How to query ChromaDB
Quick answer
To query
ChromaDB, use the official Python client to connect to your collection, then call the query method with your query vectors and specify n_results for nearest neighbors. This returns the closest matching vectors and their metadata.PREREQUISITES
Python 3.8+pip install chromadbBasic knowledge of vector embeddingsChromaDB server or local instance running
Setup
Install the chromadb Python package and ensure you have a running ChromaDB instance (local or remote). Set up your environment with Python 3.8 or higher.
pip install chromadb Step by step
This example shows how to create a collection, insert vectors with metadata, and query the collection for nearest neighbors.
import chromadb
# Initialize client (default local persistent instance)
client = chromadb.Client()
# Create or get a collection
collection = client.get_or_create_collection(name="example_collection")
# Insert sample vectors with ids and metadata
collection.add(
ids=["vec1", "vec2", "vec3"],
embeddings=[
[0.1, 0.2, 0.3],
[0.4, 0.5, 0.6],
[0.7, 0.8, 0.9]
],
metadatas=[
{"text": "first vector"},
{"text": "second vector"},
{"text": "third vector"}
]
)
# Query with a vector to find top 2 nearest neighbors
results = collection.query(
query_embeddings=[[0.1, 0.2, 0.25]],
n_results=2
)
print("IDs:", results["ids"])
print("Distances:", results["distances"])
print("Metadatas:", results["metadatas"]) output
IDs: [['vec1', 'vec2']]
Distances: [[0.0, 0.08660254037844388]]
Metadatas: [[{'text': 'first vector'}, {'text': 'second vector'}]] Common variations
- Use
client = chromadb.Client(chromadb.config.Settings(...))to customize connection settings. - Query multiple vectors at once by passing a list of query embeddings.

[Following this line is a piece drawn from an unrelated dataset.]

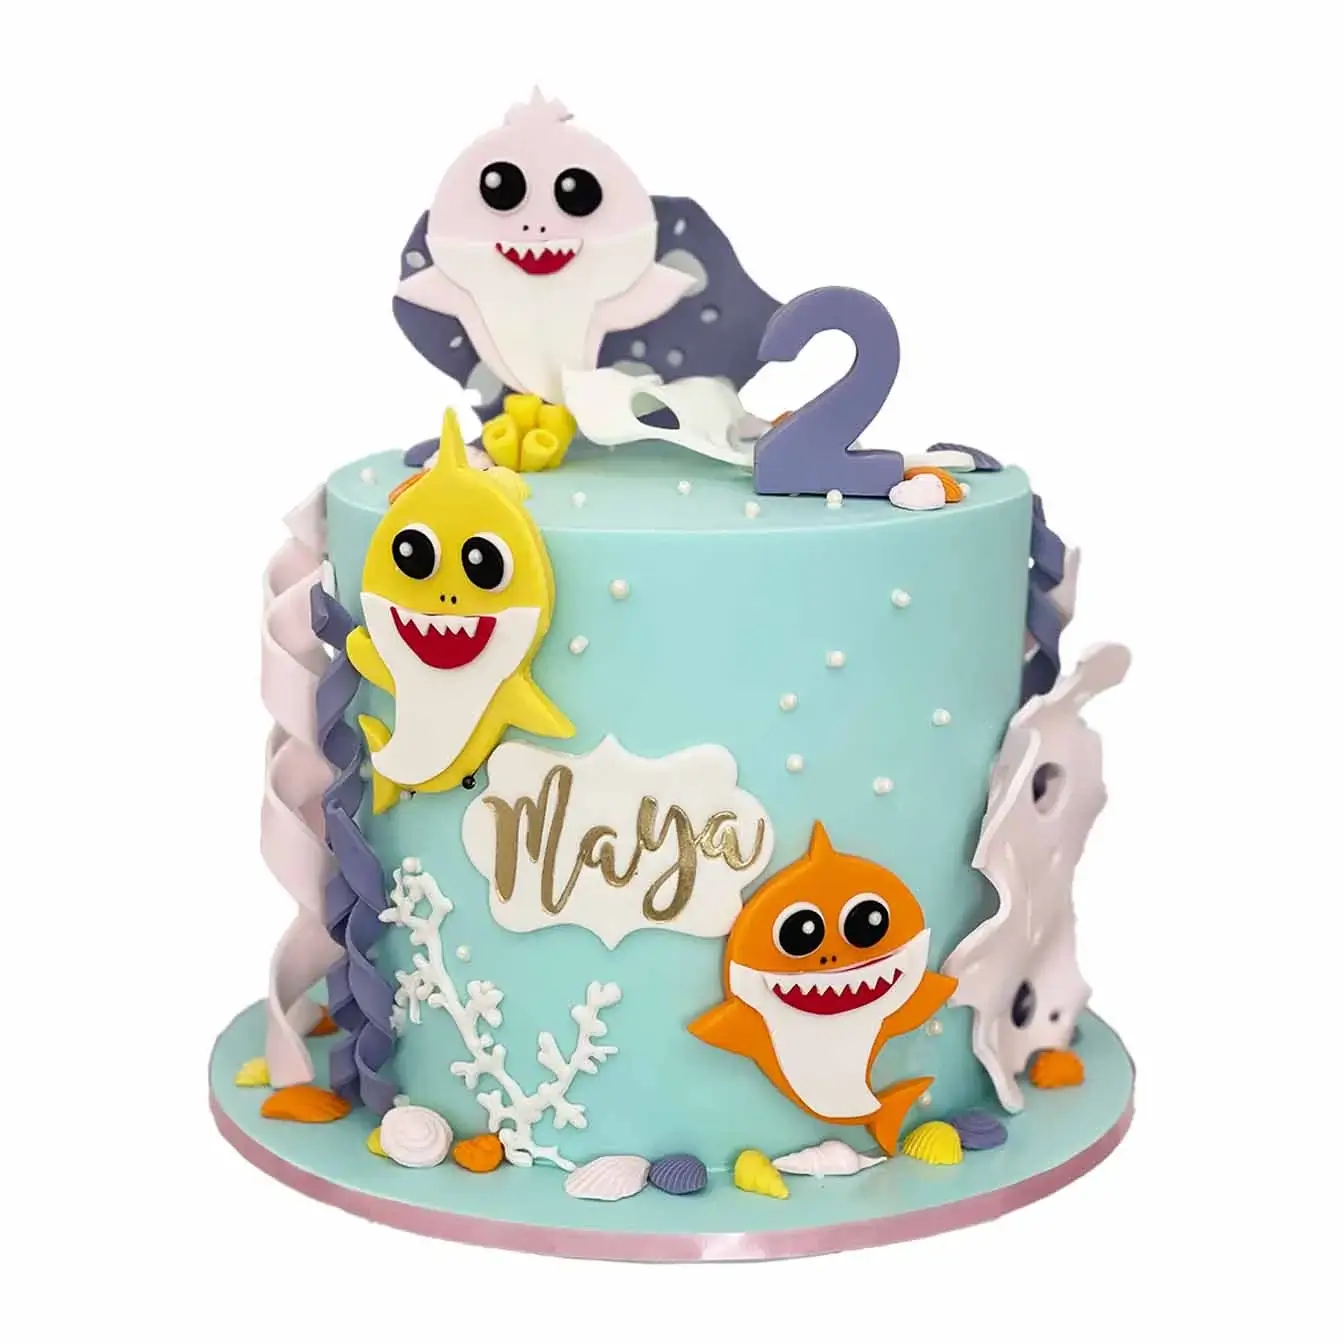 Baby Shark Underwater Adventure Cake - A teal fondant-iced cake with cutout baby sharks and under the sea fondant seaweed and shells, a vibrant and playful centerpiece for ocean-themed celebrations.

- Filter queries by metadata using the
whereparameter. - Use async patterns with
asyncioif integrating into async apps (requires custom wrappers).
Troubleshooting
- If you get connection errors, verify your ChromaDB server is running and accessible.
- Ensure your query vectors have the same dimensionality as inserted vectors.
- Check that
chromadbpackage is up to date to avoid API mismatches. - For large datasets, consider indexing strategies or batch queries to optimize performance.
Key Takeaways
- Use the official
chromadbPython client to query vector collections easily. - Always match query vector dimensions with stored embeddings to avoid errors.
- Leverage metadata filtering to refine search results in
ChromaDB. - Keep your
chromadbpackage updated for latest features and fixes.